Here are some addresses with a large number of registered vehicles. Most addresses in Somerville correspont to large apartment buildings, while some out of state ones correspond to insurance offices.
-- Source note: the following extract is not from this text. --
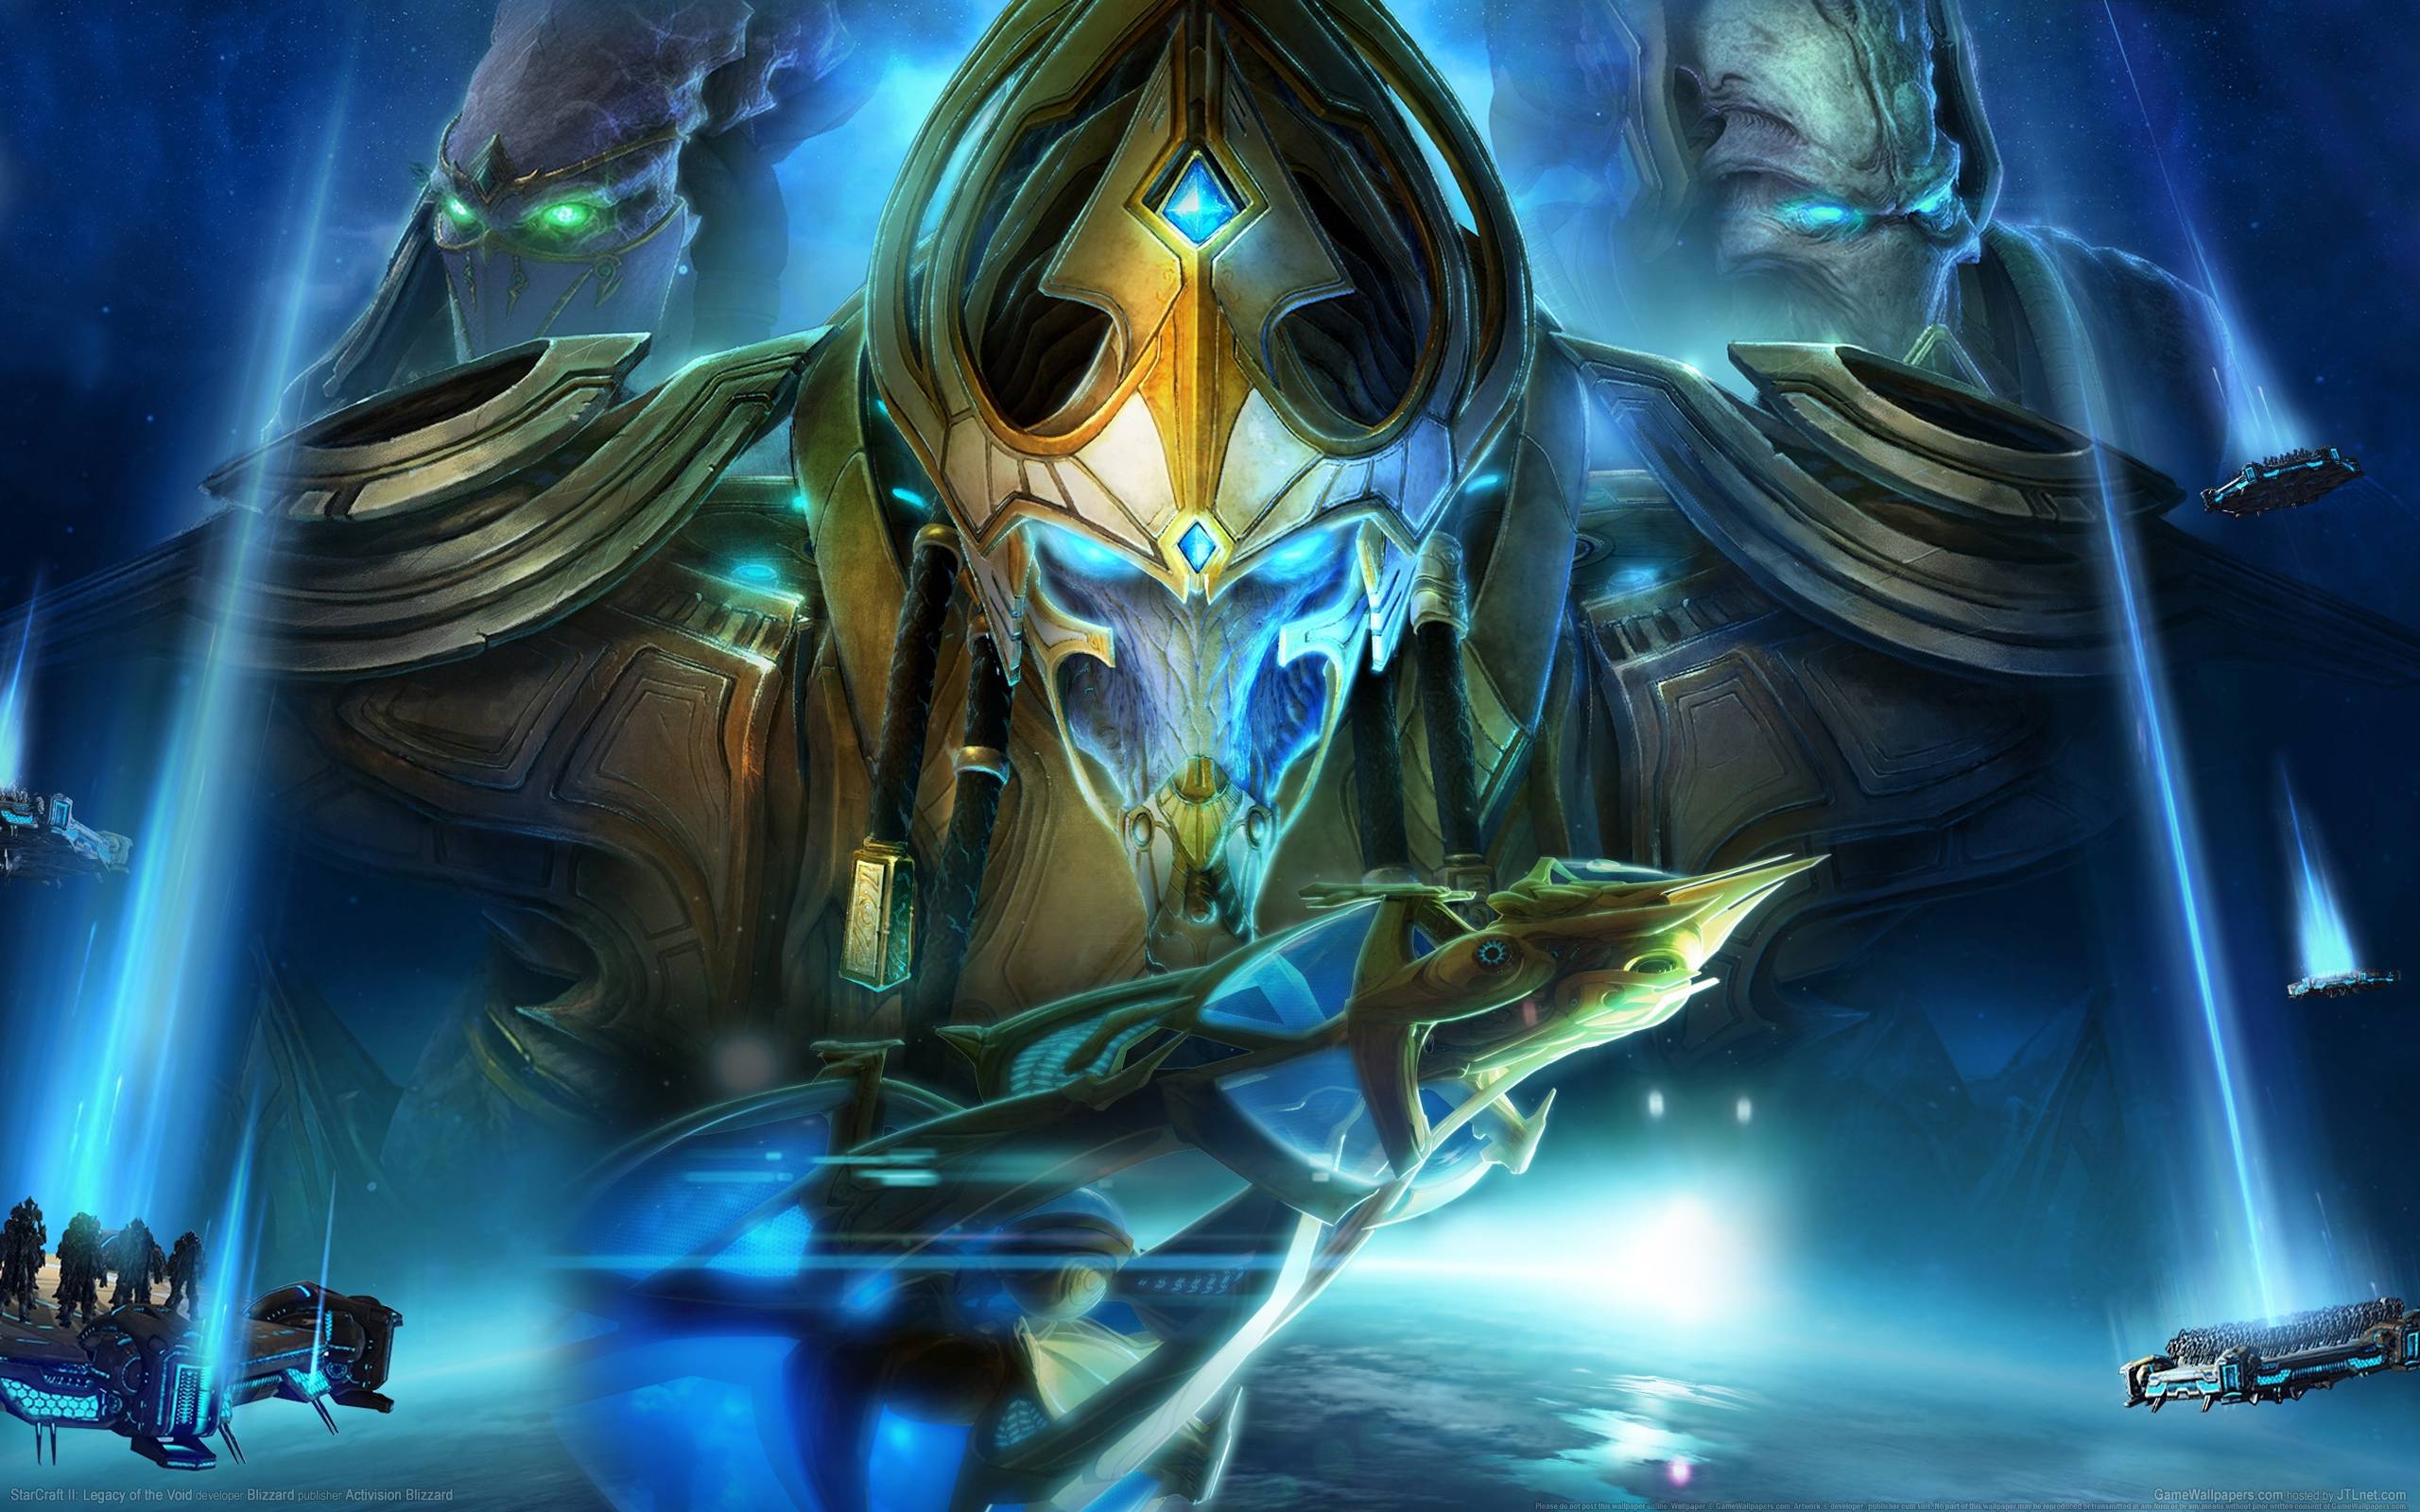 Does Anyone Have A Version Of The Lotv Wallpaper

Note that we have 29 cars with no address listed.

In [None]:
# here are some interesting ones - where number of registered vehicles is quite large 
## most somerville ones are apartment buildings, but others include a car insurance offie
registered_vehicles_by_addr[registered_vehicles_by_addr.num_registered_vehicles > 20].head()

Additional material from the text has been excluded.